Of course, nothing could’ve prepared him for the Foundation, as Dr. Mark had said. But it had to be better than the alternative.

Didn’t it?

That evening he went home. He made chicken soup and called his mom. He’d been studying up on how to go about writing SCP entries, but he didn’t quite have the clinical tone down yet. He’d been okay at lab reports in university but these weren’t exactly lab reports. The format was all wrong. He wasn’t documenting any data, no introduction, no conclusions, no hypothesis. It seemed that so much of the Foundation eschewed the scientific method that it was really no wonder that they were willing to hire a kid who’d barely made it through undergrad.
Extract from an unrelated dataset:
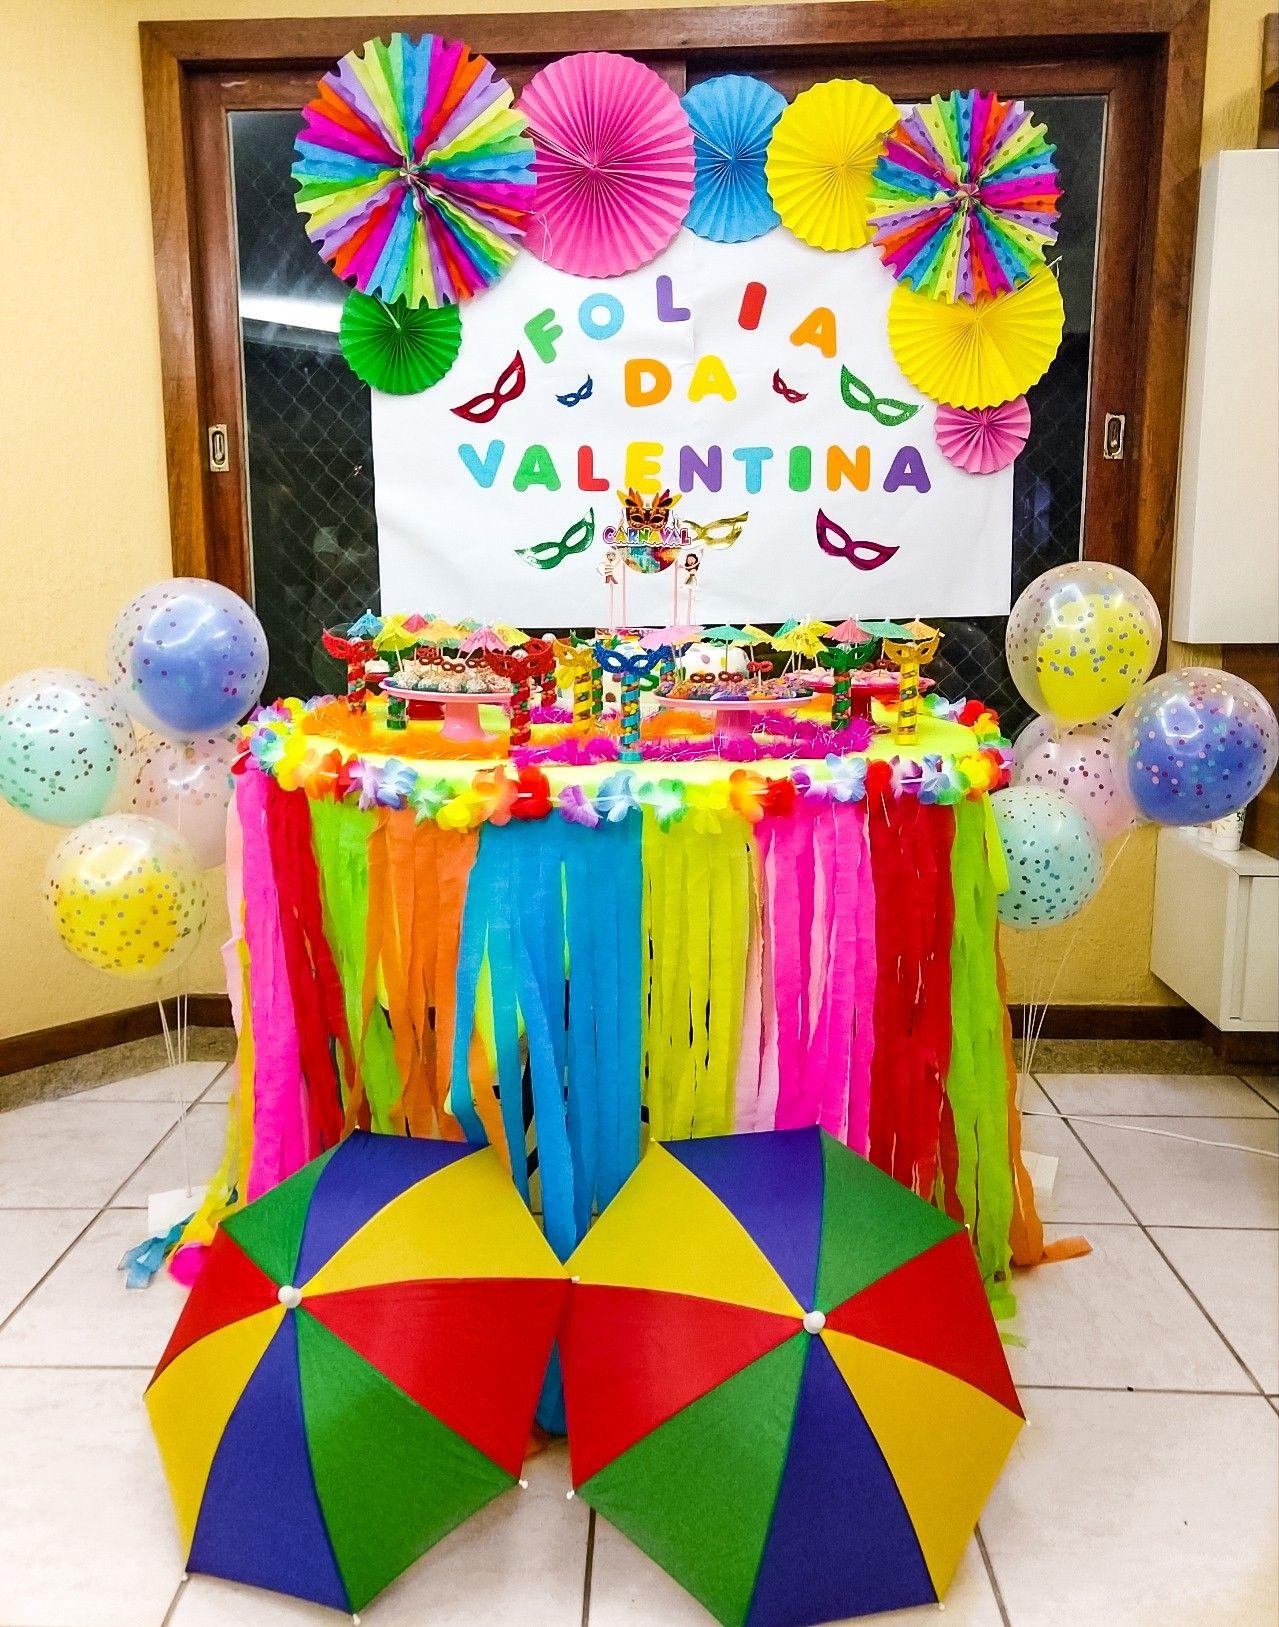 Festa De Mesversario Tema Carnaval Ideias Inspiradoras Da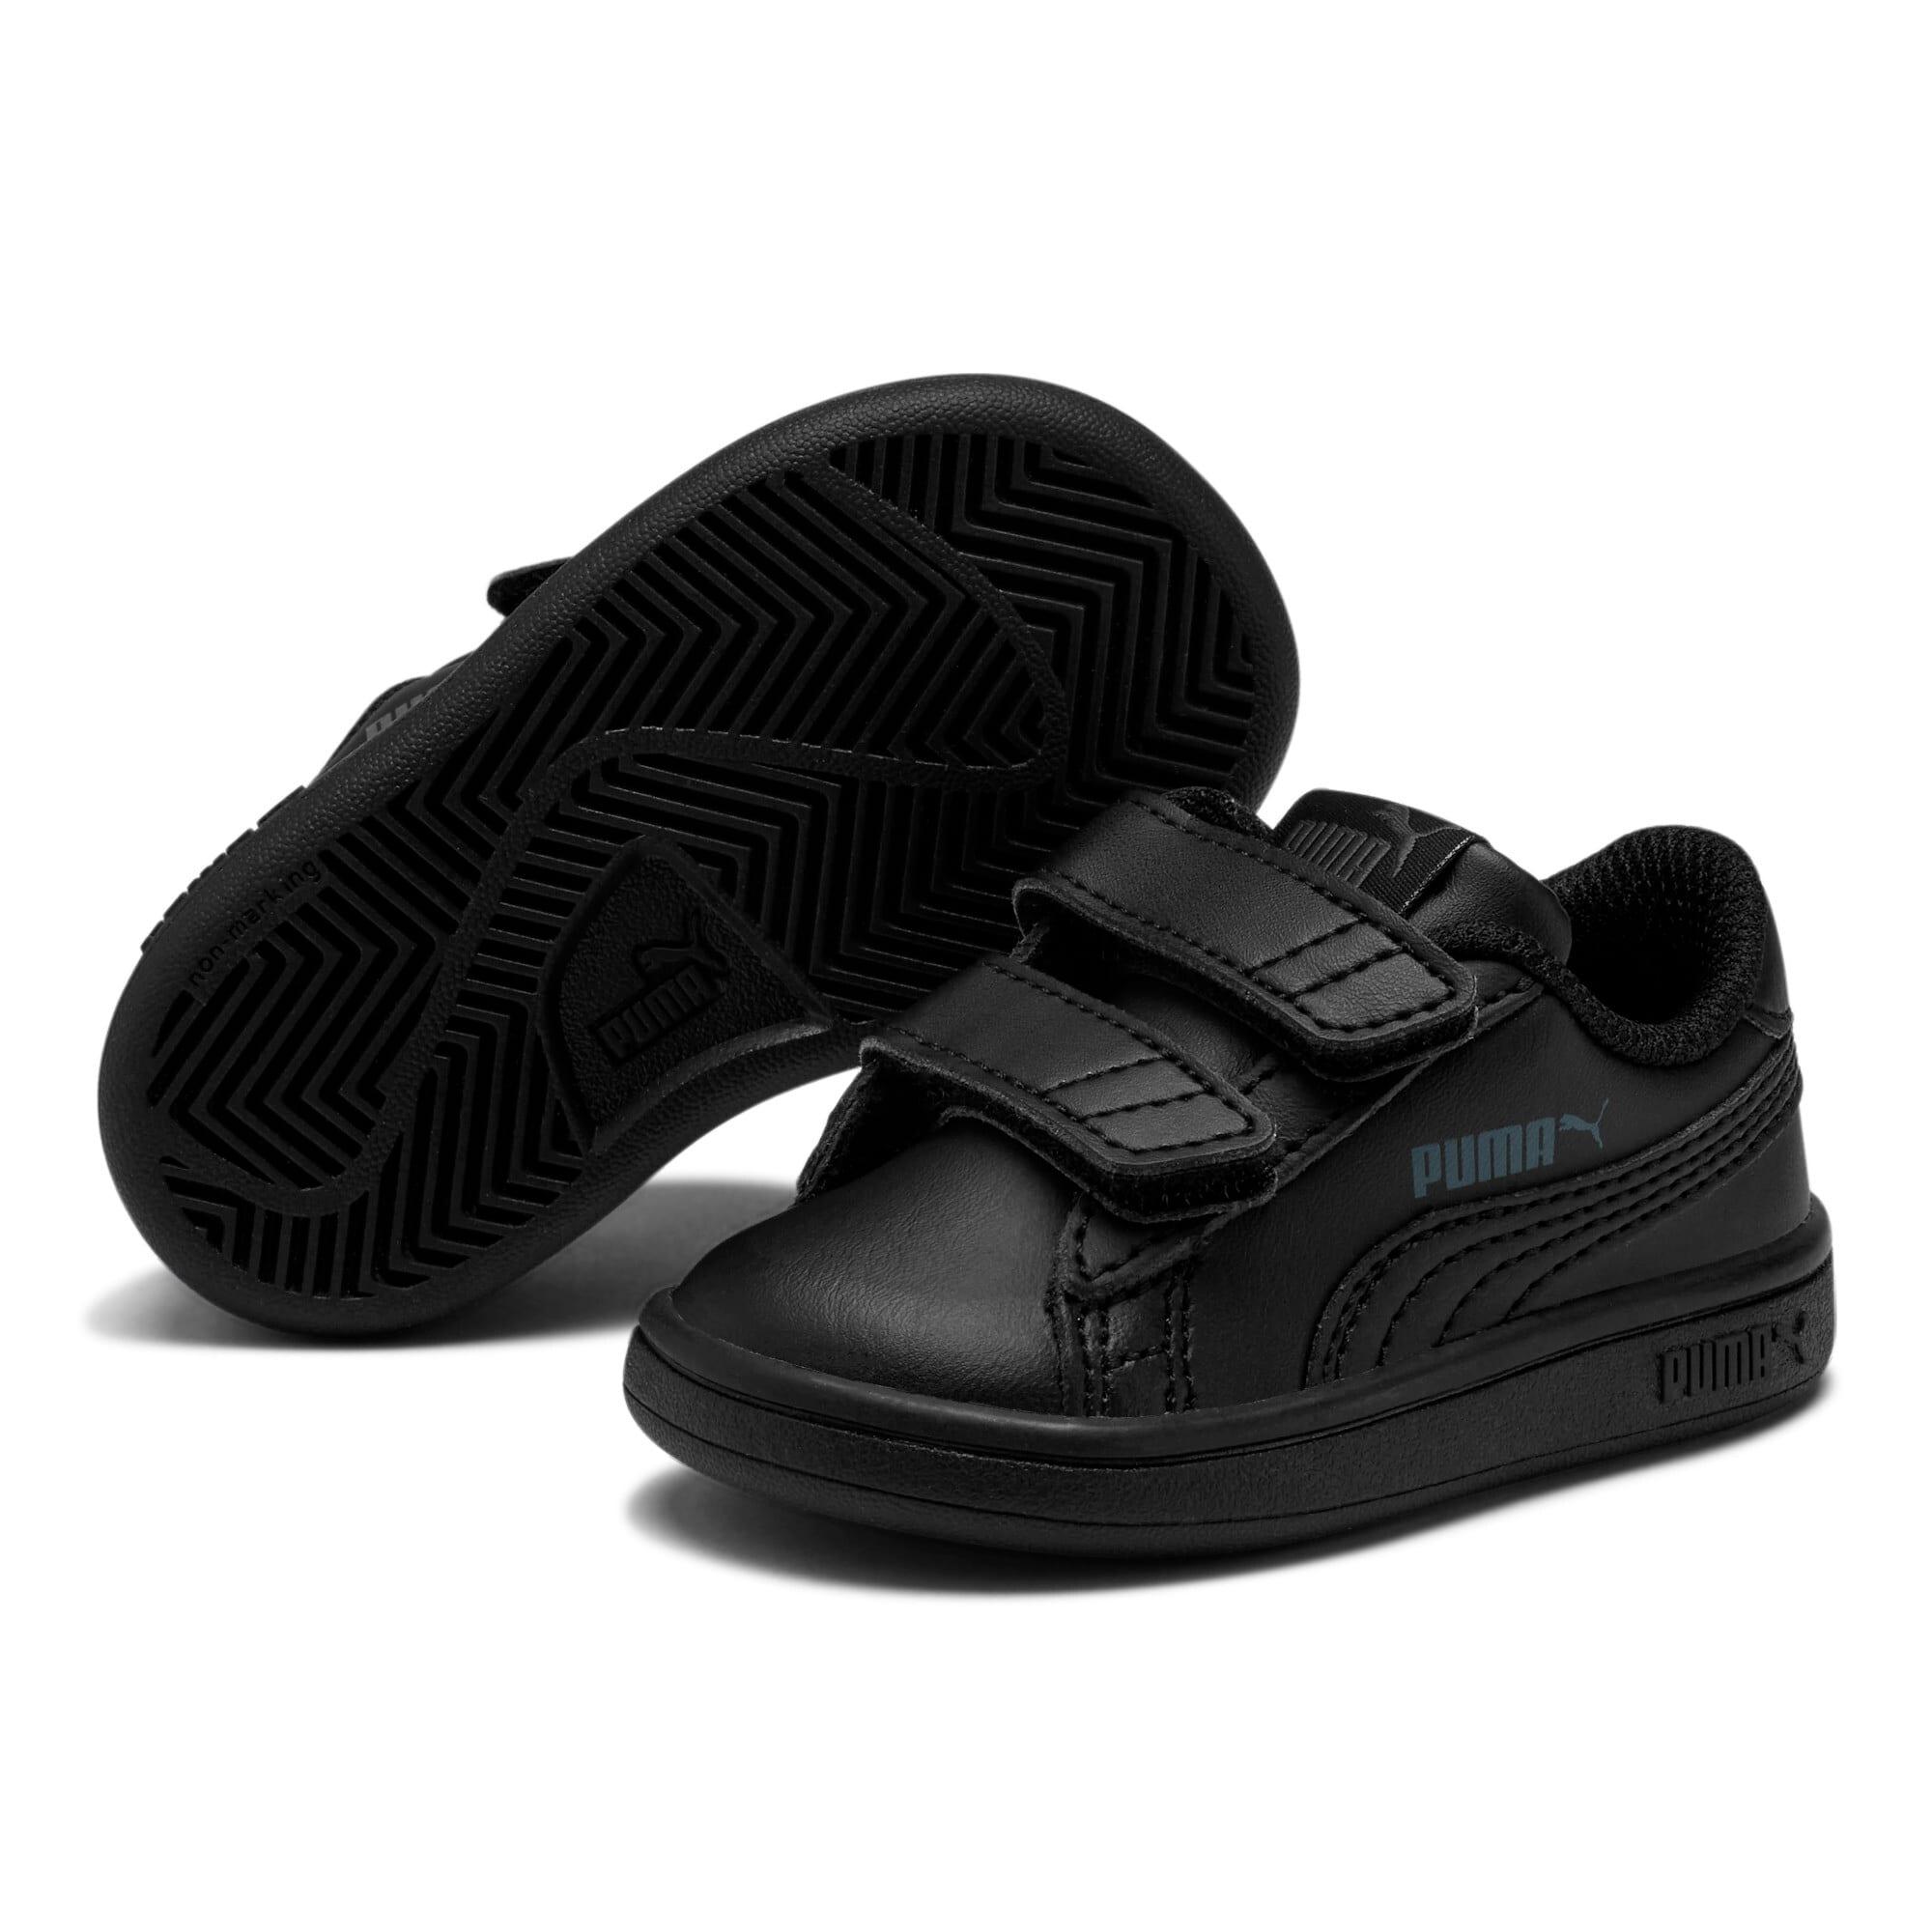 Thumbnail 2 of Puma Smash v2 L V Toddler Shoes, Puma Black-Puma Black, medium

“Hi sweetie,” his mom said as she picked up the phone.

“Hi Ma.”

“How was work?”

“I’m trying to get the swing of things. It’s very strange here. I’m not used to it yet.”

“I understand. My first real job was pretty hectic too.”

Wade almost laughed. How different could teaching high school English be from working to contain deadly anomalies straight out of science fiction novels?

“You know, maybe the next time you visit, we could see that new Dracula movie.”

“Maybe,” Wade replied, trying not to sound too skeptical. He didn’t really know when he’d be able to visit next, and it was best not to plan for something that may not happen. Besides, he wasn’t too excited about the movie anyway. Unfortunately, in spite of the famous director and pretty solid cast, it wasn’t getting the best reviews. He’d read one that expressed the reviewer’s confusion at casting Mina Harker as Dracula’s reincarnated love, and Wade had to agree. Dracula didn’t have a love, reincarnated or not.